- Born: Kenya
- Education: University of Cape Town
- Occupations: Accountant, Business executive, Entrepreneur
- Years active: 1996 - present

= Flora Mutahi =

Kenyan businessperson

Flora Mutahi is a Kenyan businessperson with experience in strategic leadership, business development and marketing.

==Education==

Mutahi was born in Kenya and attended local schools for her primary and secondary education. She holds a B.Sc. Finance and accounts (UK), and an Executive Master of Business Administration, awarded by the University of Cape Town in South Africa.

==Career==
Mutahi is the founder and CEO of Melvin Marsh International Ltd, a company that introduced flavored teas in Kenya. Melvins has received the Top 100, Fire awards for Financial reporting, and the Most Promising Entrepreneur.

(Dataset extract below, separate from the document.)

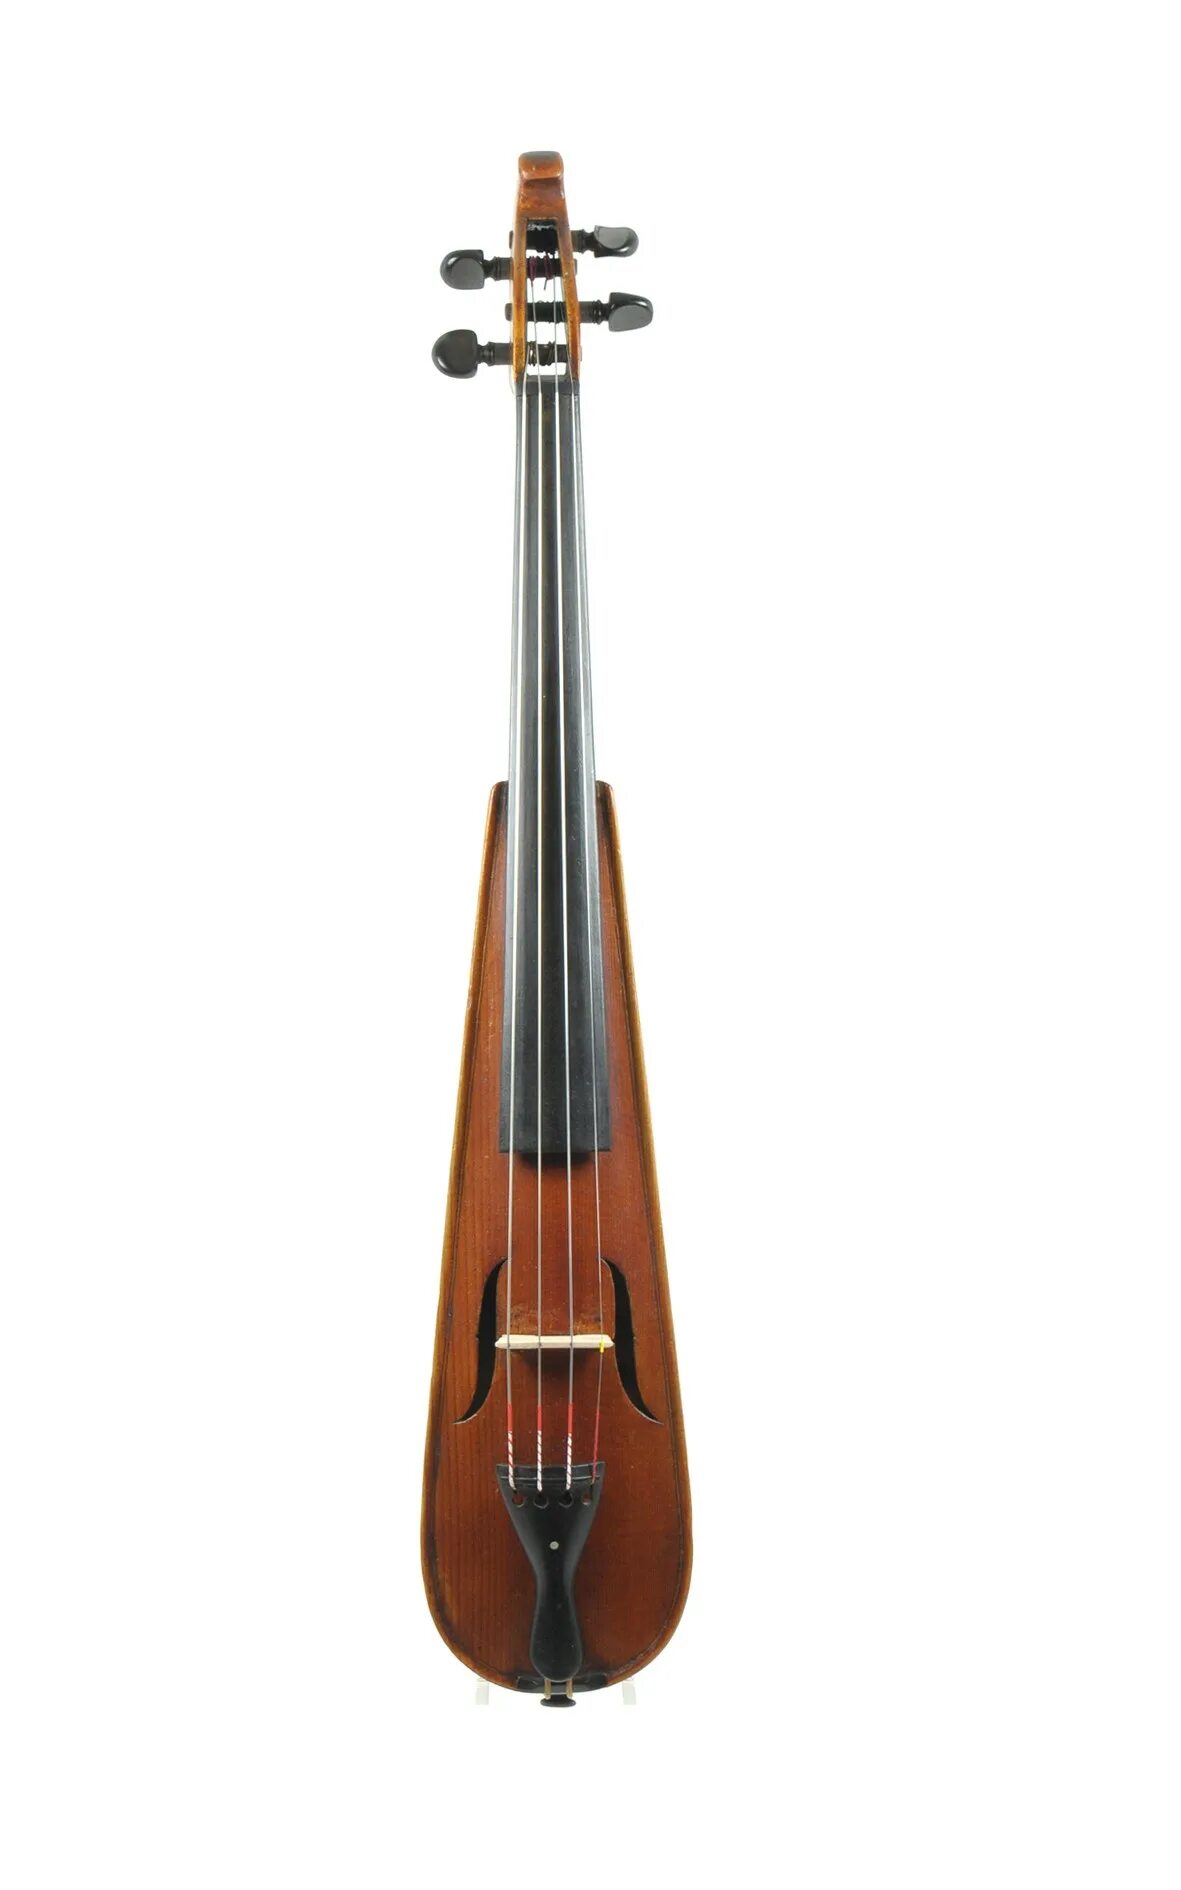 Длинная скрипка. Пошетта музыкальный инструмент. Pochette Violin. Скрипка пошетта. Пошетта струнные смычковые музыкальные инструменты.
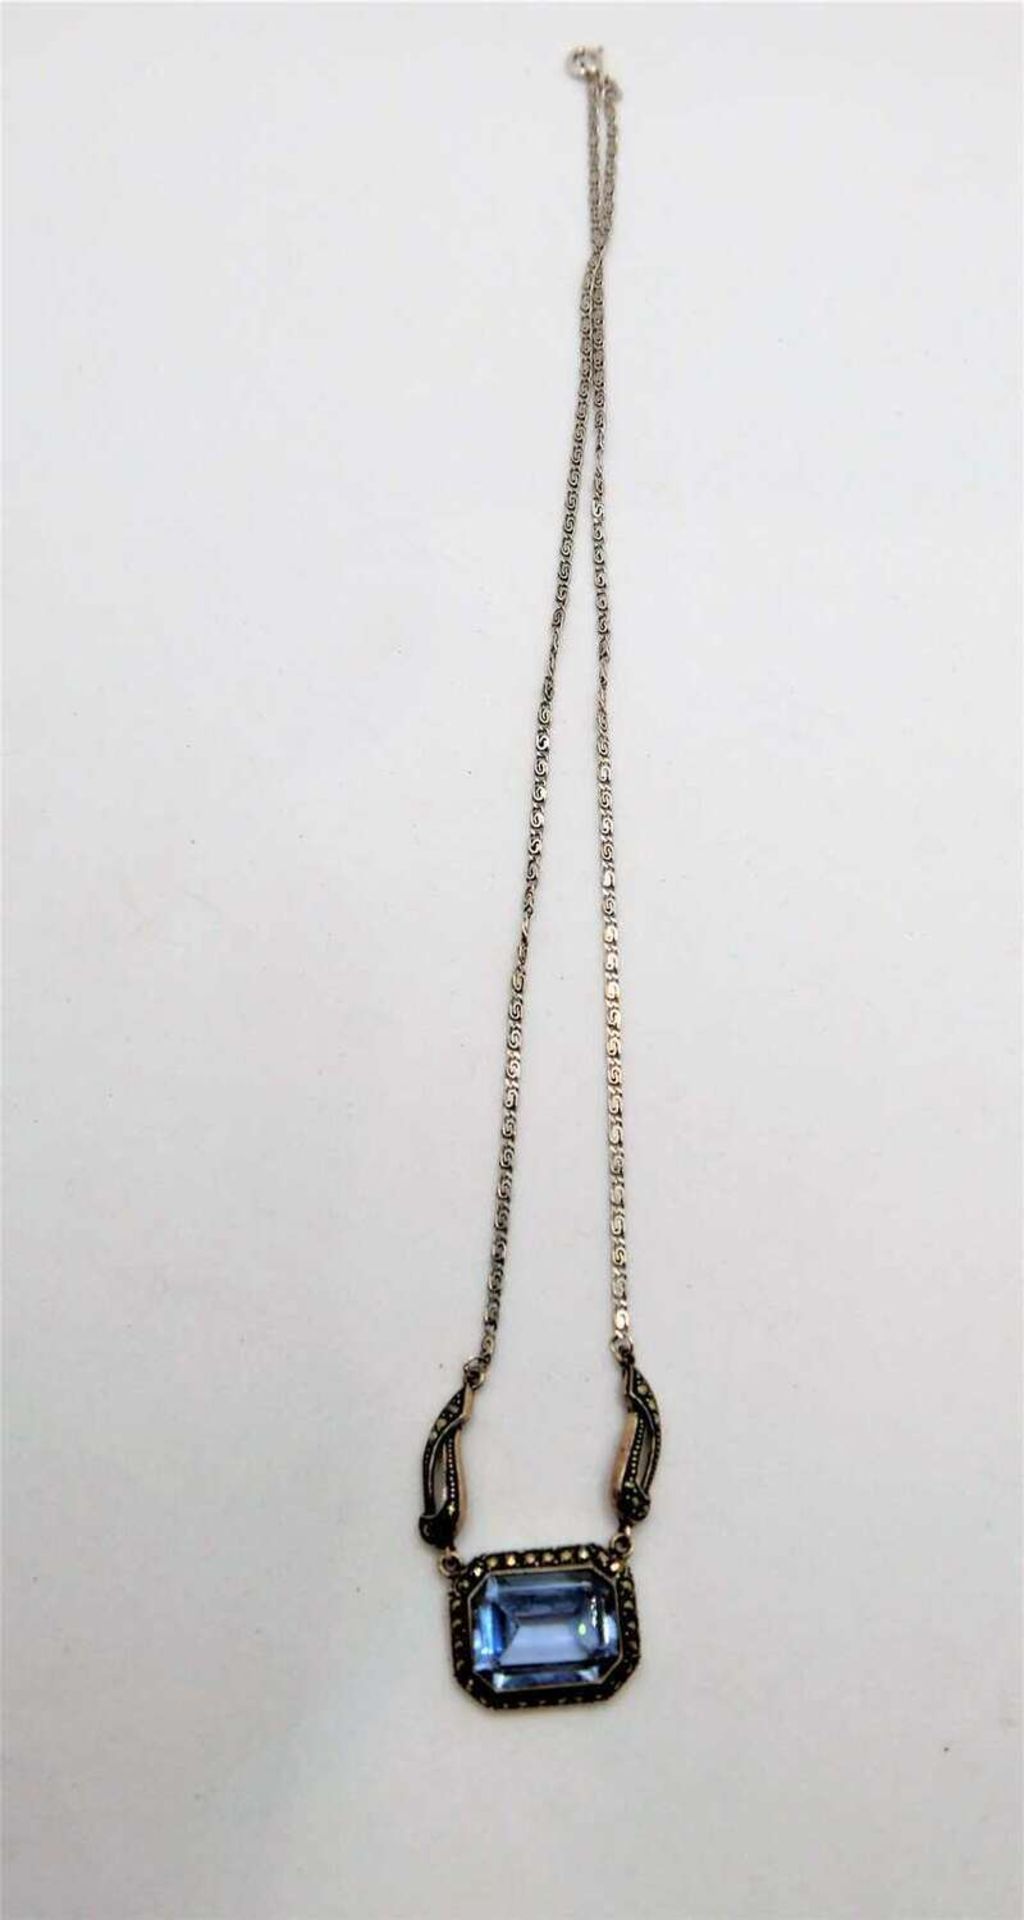 Collier im Jugendstil, 925er Silber, besetzt mit 1 Blautopas. Länge ca. 46 cm Art Nouveau necklace,

In 2011 Mutahi founded a real estate company named Azizi Realtors. She also launched the Melvins Mentorship Impact Programme to provide coaching to female entrepreneurs.

In July 2016, Mutahi was appointed chairperson of the Kenya Association of Manufacturers, the first woman to occupy that office. In November 2017, she was elected vice-chairperson of the business council of the Common Market of Eastern and Southern Africa.

In June 2018, it was announced that she had been appointed to the Board of the UN Global Compact.

In May 2021 she became the first female Chairperson of Kenya Private Sector Alliance (KEPSA); she is also a board member of SBM Bank Kenya.

==Personal life==
Mutahi is a married mother of three children.